Abstract:
More than 1-2 million people in Ethiopia are estimated to be deaf or hard of hearing, according to the
Ethiopian National Association for the Deaf and a 2019 report from the Department of Linguistics at
Addis Ababa University on empowering the Deaf in Africa. For those people, the only means of
communication is sign language. Sign language is a form of communication used by people with
impaired hearing and speech. These hearing- impaired communities can communicate by using sign
language. Even if it is widely used in the hearing-impaired community, they struggle to communicate with
hearing people due to the language barrier. Due to this communication gap hearing-impaired people
encounter so many problems in their daily life since they are living with people who communicate in
spoken languages. Unfortunately, few people have knowledge of sign language in our daily life. In
general, interpreters can help us to communicate with these challenges, but it is expensive to employ
interpreters on personal behalf and inconvenient when privacy is required. Consequently, it is very
important to develop a system that fills the communication gap between the hearing impaired and
hearing people. To address this problem, many researchers have studied the recognition of Ethiopian
Sign Language, but they are mainly restricted to studying word-level (Isolated) recognition. A few
researchers attempted to study sentence-level recognition using various techniques, but their results
revealed a signer-dependent issue as well as insufficient system accuracy. Therefore, the researcher
proposed Ethiopian Sign Language Recognition from Video Sequences by using pretrained CNN and RNN
Models, which recognizes continuous gestures from a video stream performed by different signers.The
main focus of this work is to create a vision-based continuous sign language recognition system to identify
Ethiopian sign language gestures from video sequences using CNN and RNN models. The proposed
model is composed of three major processes: preprocessing (hand, pose, and face landmark detection
with mediapipe holistic), feature extraction with the CNN model, feature learning, and classification with
LSTM. In the feature extraction phase, the characteristic features are extracted, and the distinguishing
features are learned in the feature learning phase by applying different operations such as convolution,
pooling, and an activation layer. For feature learning, in our study, we have applied a Bidirectional Long Short-Term Memory (BiLSTM) model. Hosanna Deaf School and Jimma Zone Disability Center
provided us with the data for our experiment. Our data set consists of continuous gestures, with
around 300 videos belonging to 5 gesture categories performed by different signers. We extract each
video to frames using the OpenCV library and pass each frame through mediapipe holistic for
prepossessing.The proposed system is implemented using Keras, TensorFlow on Google collab. We present
continuous gesture recognition by combining two different neural network architectures. In the first case,
CNN and RNN are used. The CNN model was retrained on the VGG16 model.
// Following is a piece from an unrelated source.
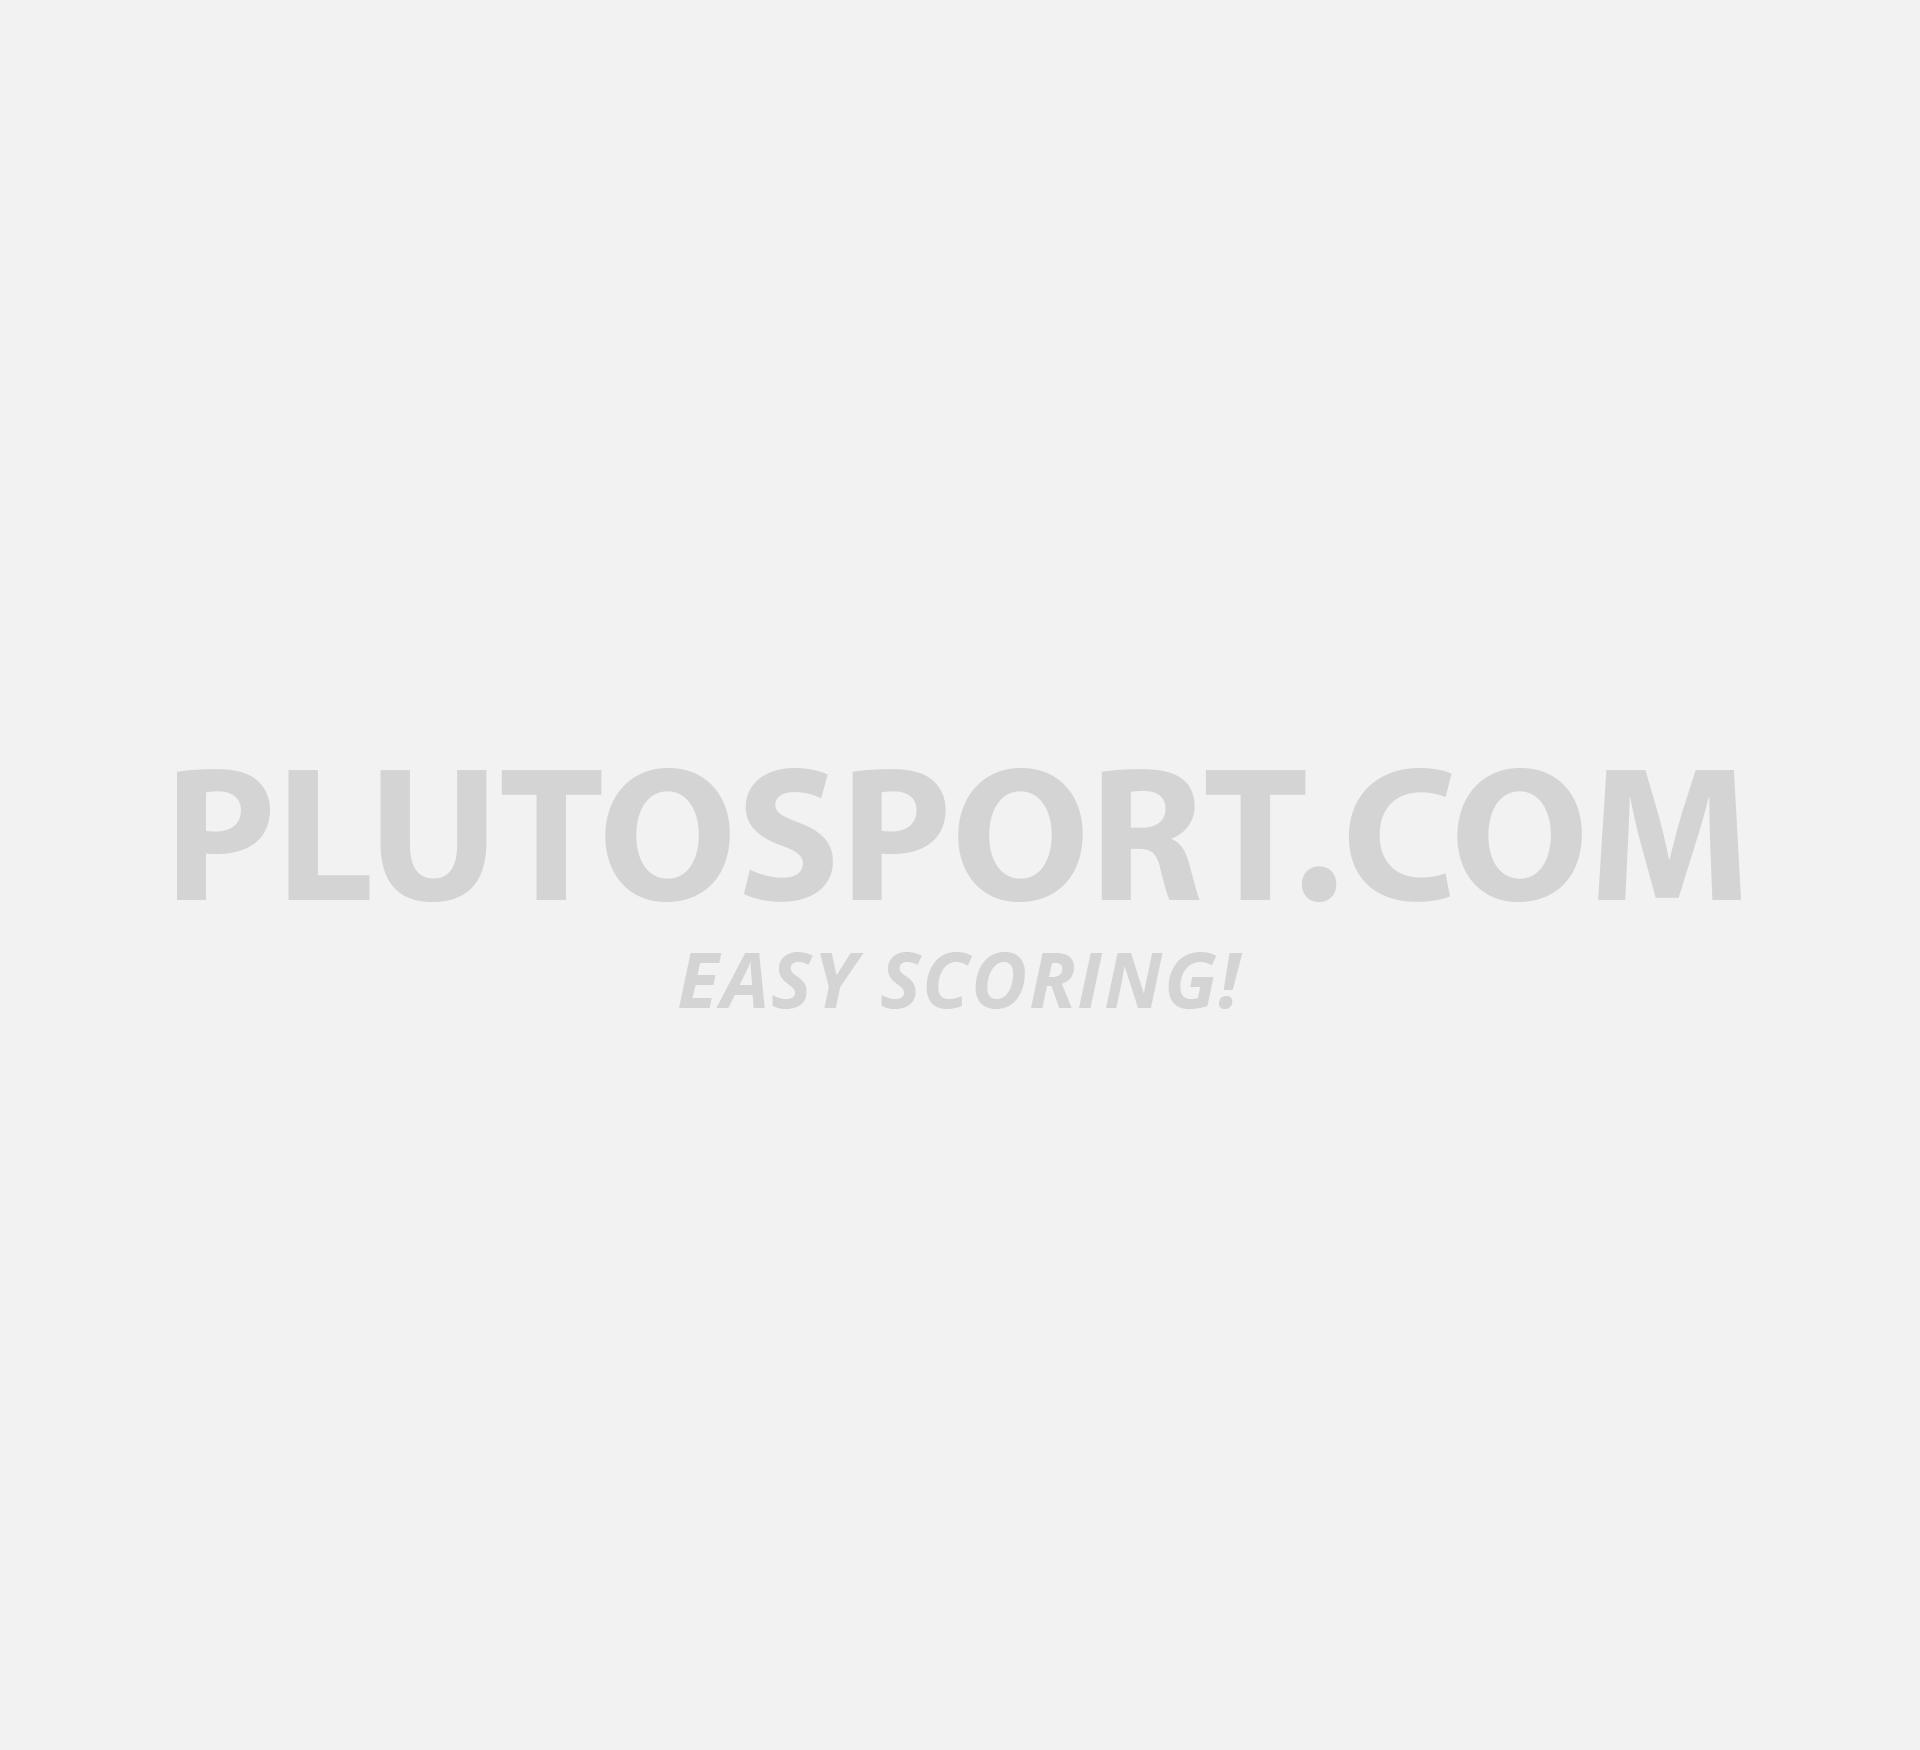 Adidas Pweb Elbow Sleeve

In the second architecture,
there is a CNN followed by a GRU. The two models achieved 85% and 70% accuracy, respectively. Our
study explored the ability of these two architectures to recognize 5 daily usage sentences. Due to the fact
that some gesture signs begin with the same movement and others overlap in the middle, the model is
confused when it attempts to recognize continuous gesture signs. To improve system accuracy, more
data collection with high resolution cameras is required, along with the application of different holistic
algorithms.